--- Data section ---

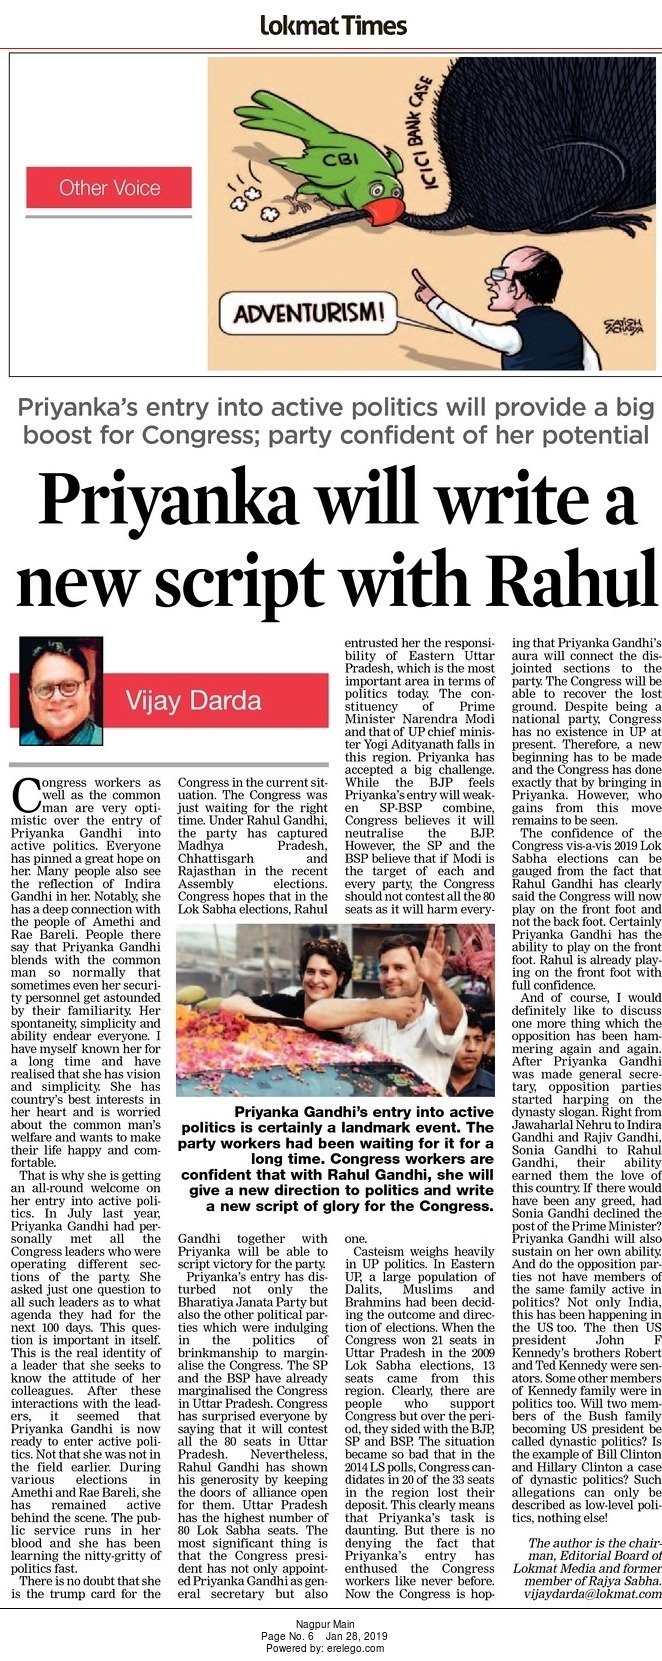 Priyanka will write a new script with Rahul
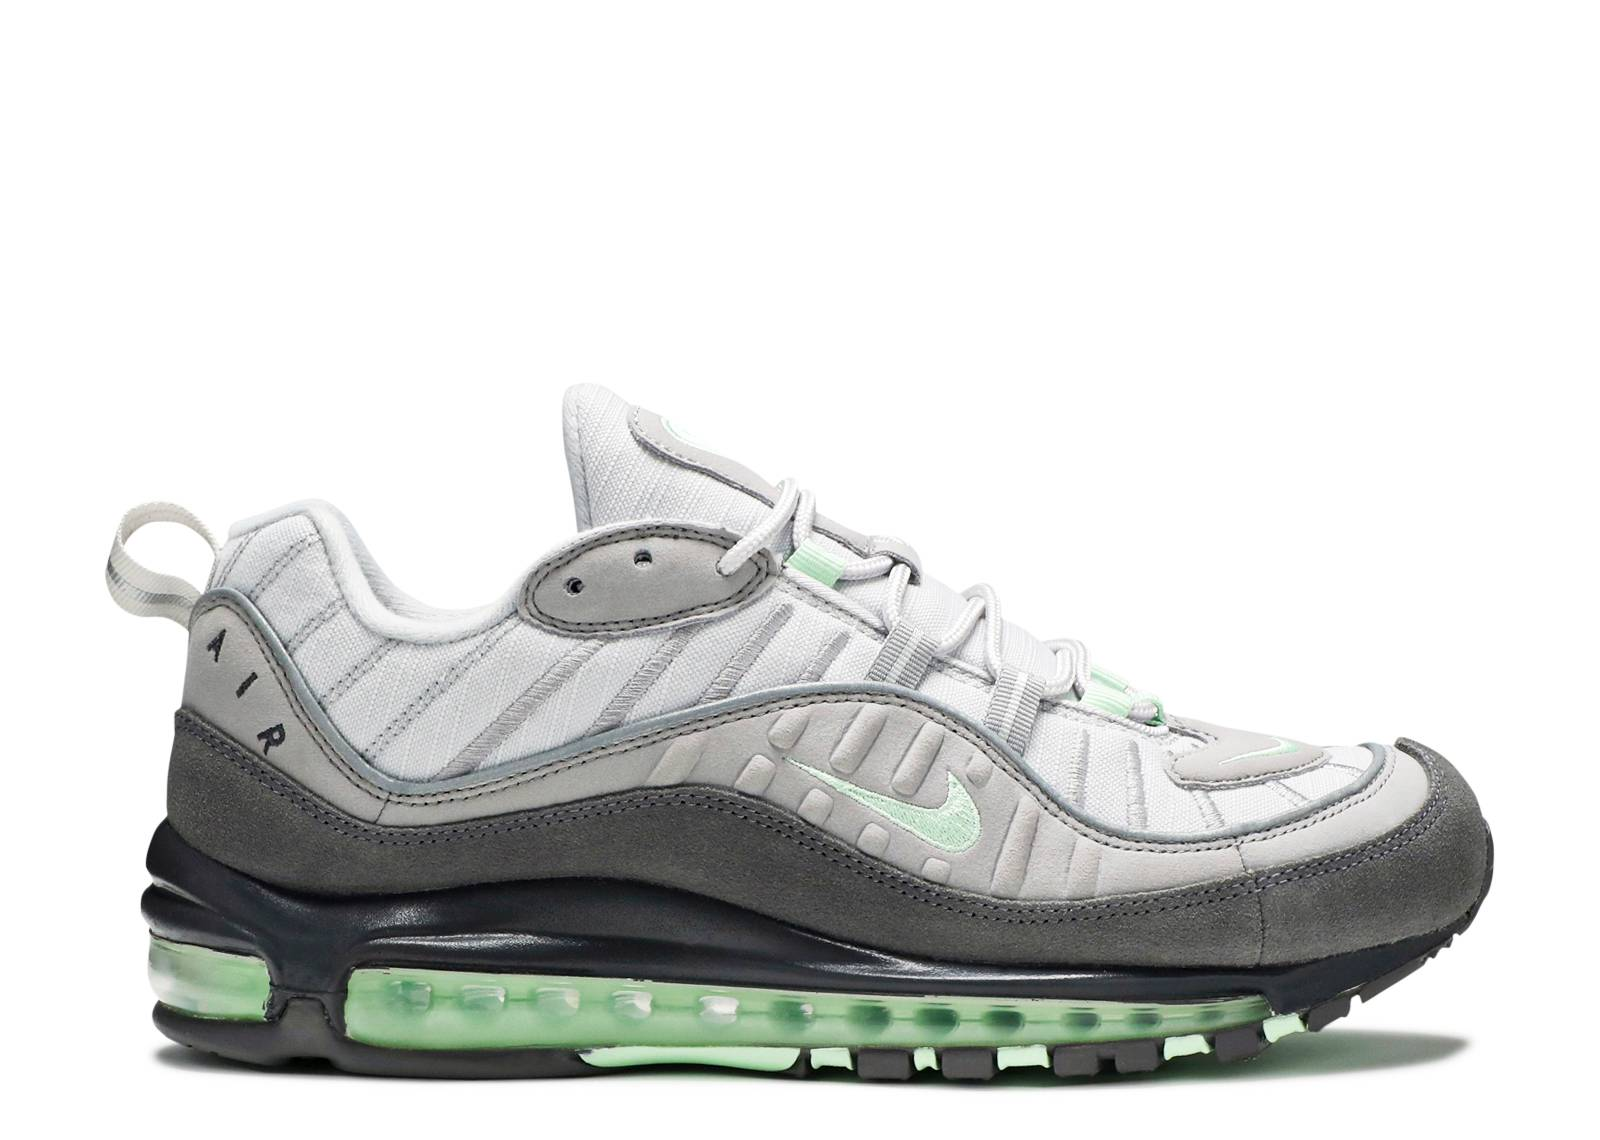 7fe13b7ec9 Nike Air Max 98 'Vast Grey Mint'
==
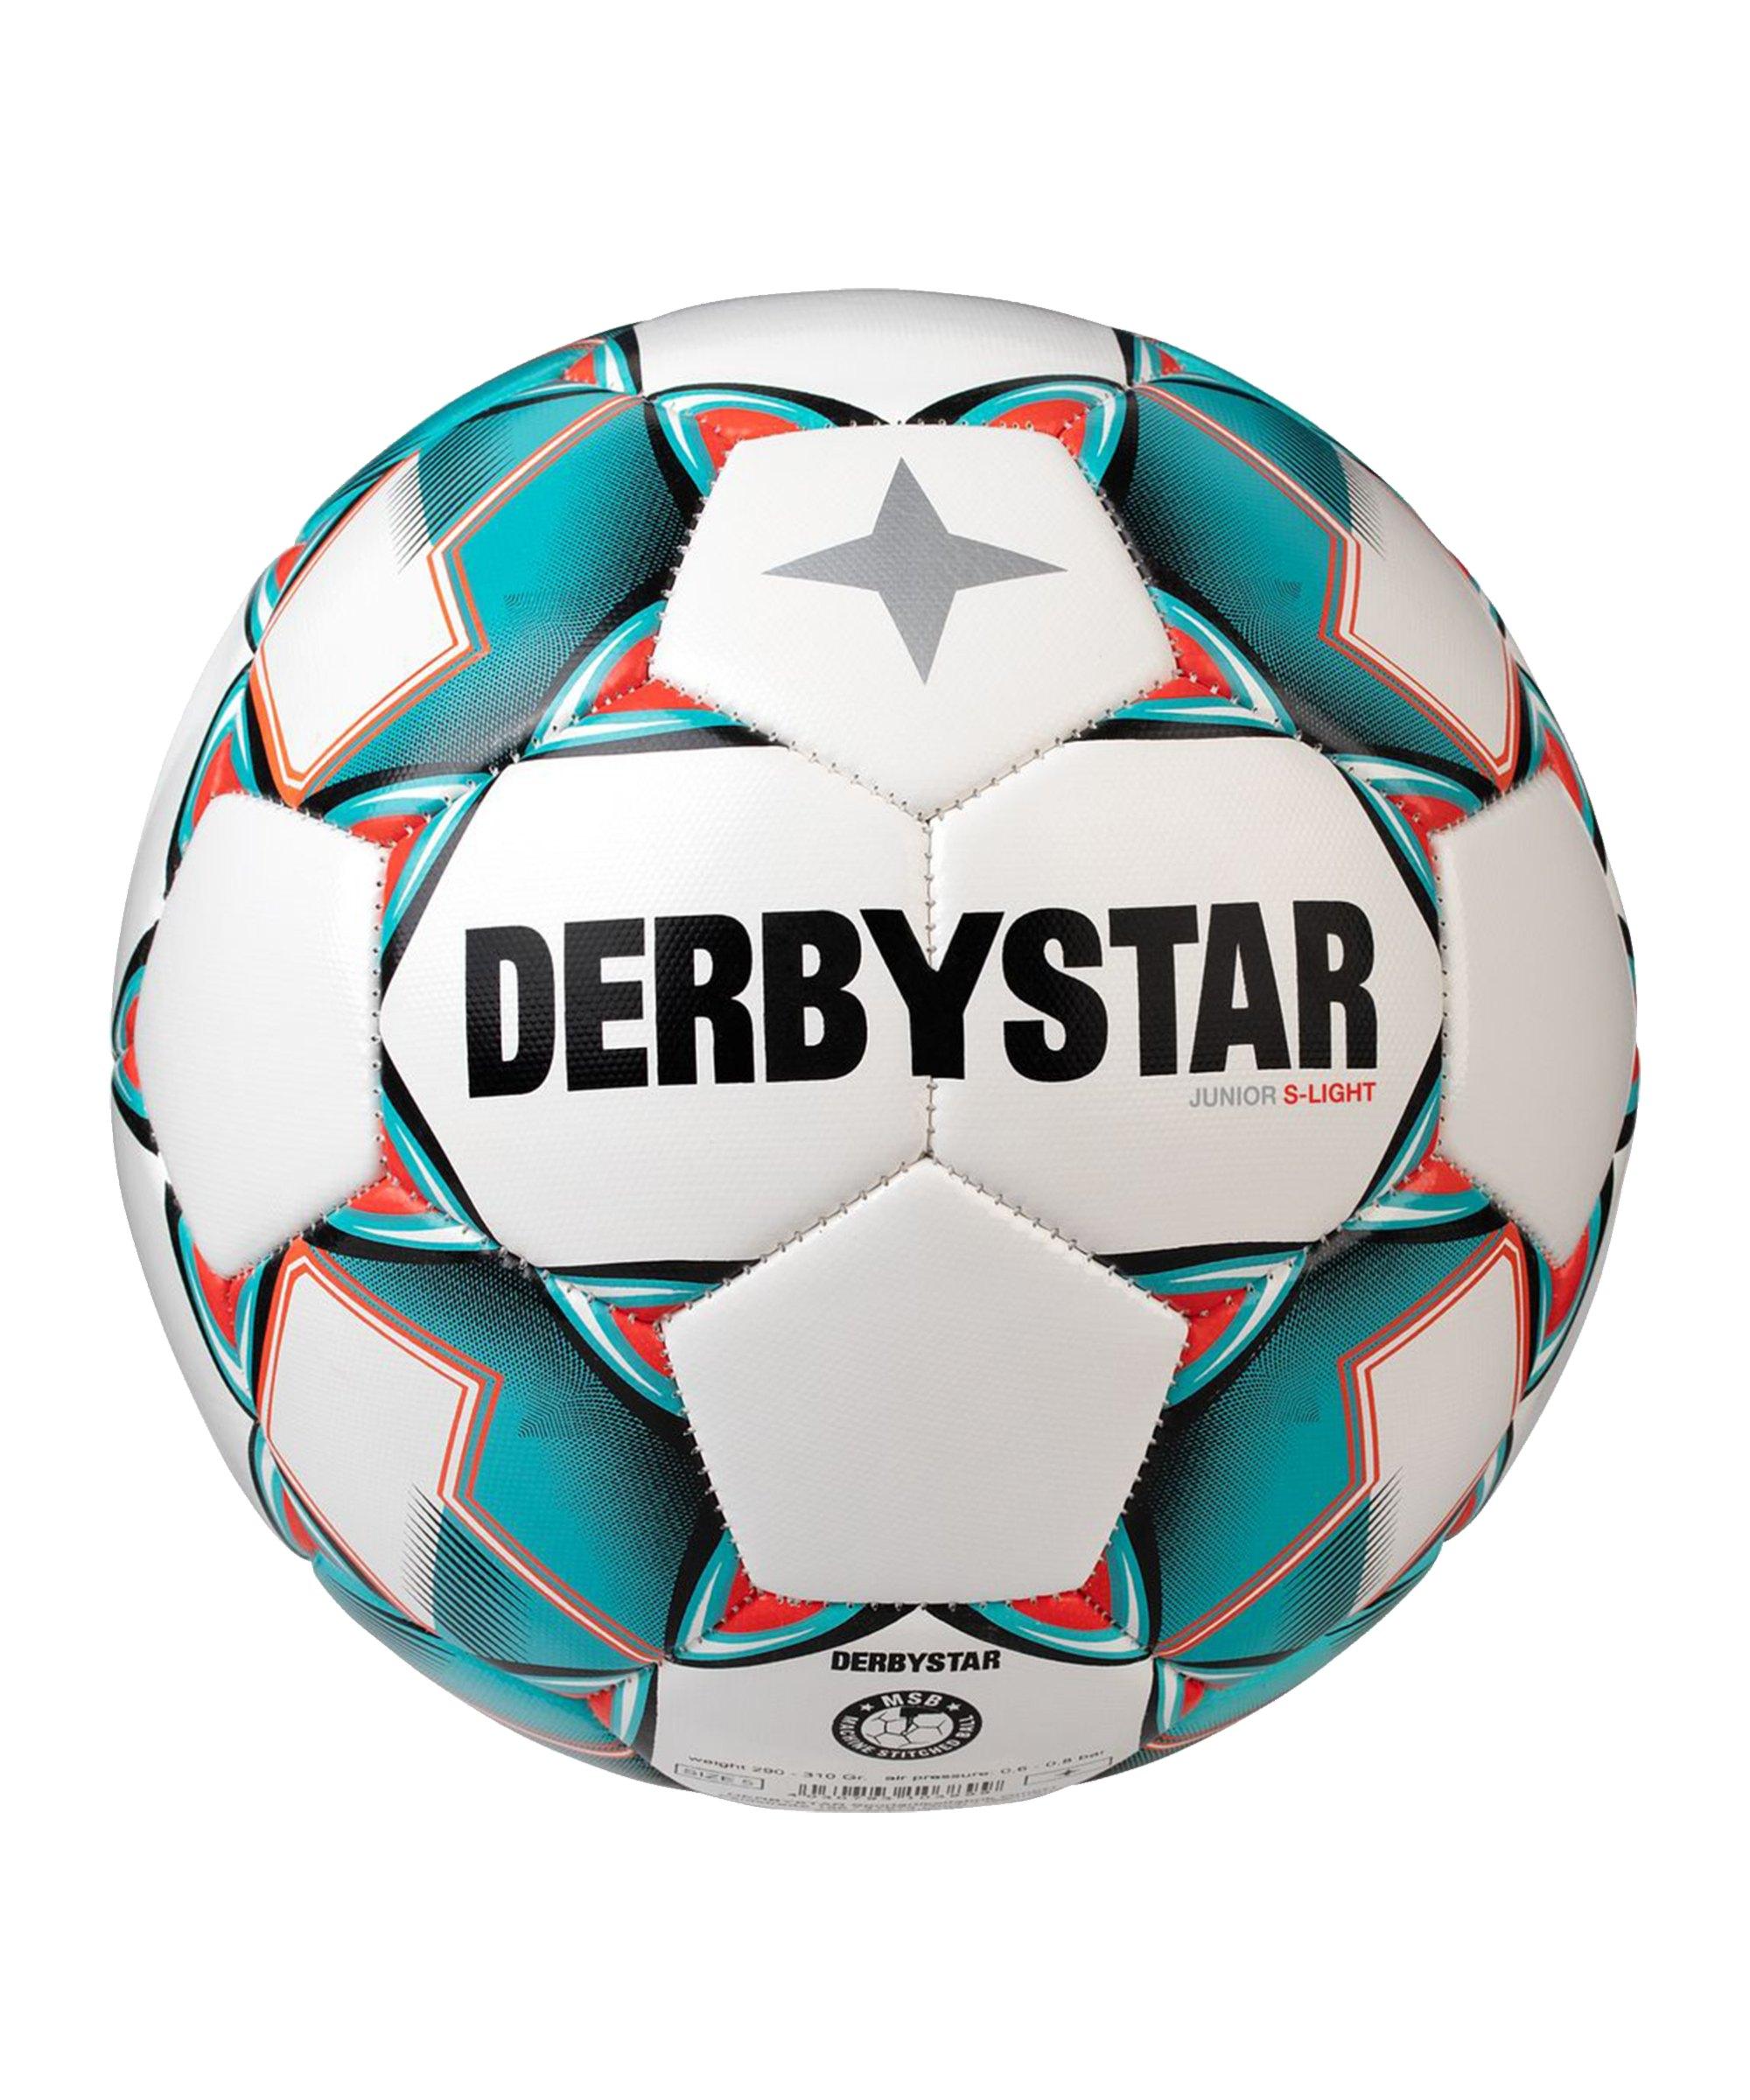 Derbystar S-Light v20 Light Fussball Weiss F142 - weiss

--- Your assignment ---
From the listing above, please give again the lines that begin with the line holding "Priyanka will write a new script with Rahul" and go on through the line holding "7fe13b7ec9 Nike Air Max 98 'Vast Grey Mint'", exactly, both ends included, minus any picture.

--- Written answer ---
 Priyanka will write a new script with Rahul
 7fe13b7ec9 Nike Air Max 98 'Vast Grey Mint'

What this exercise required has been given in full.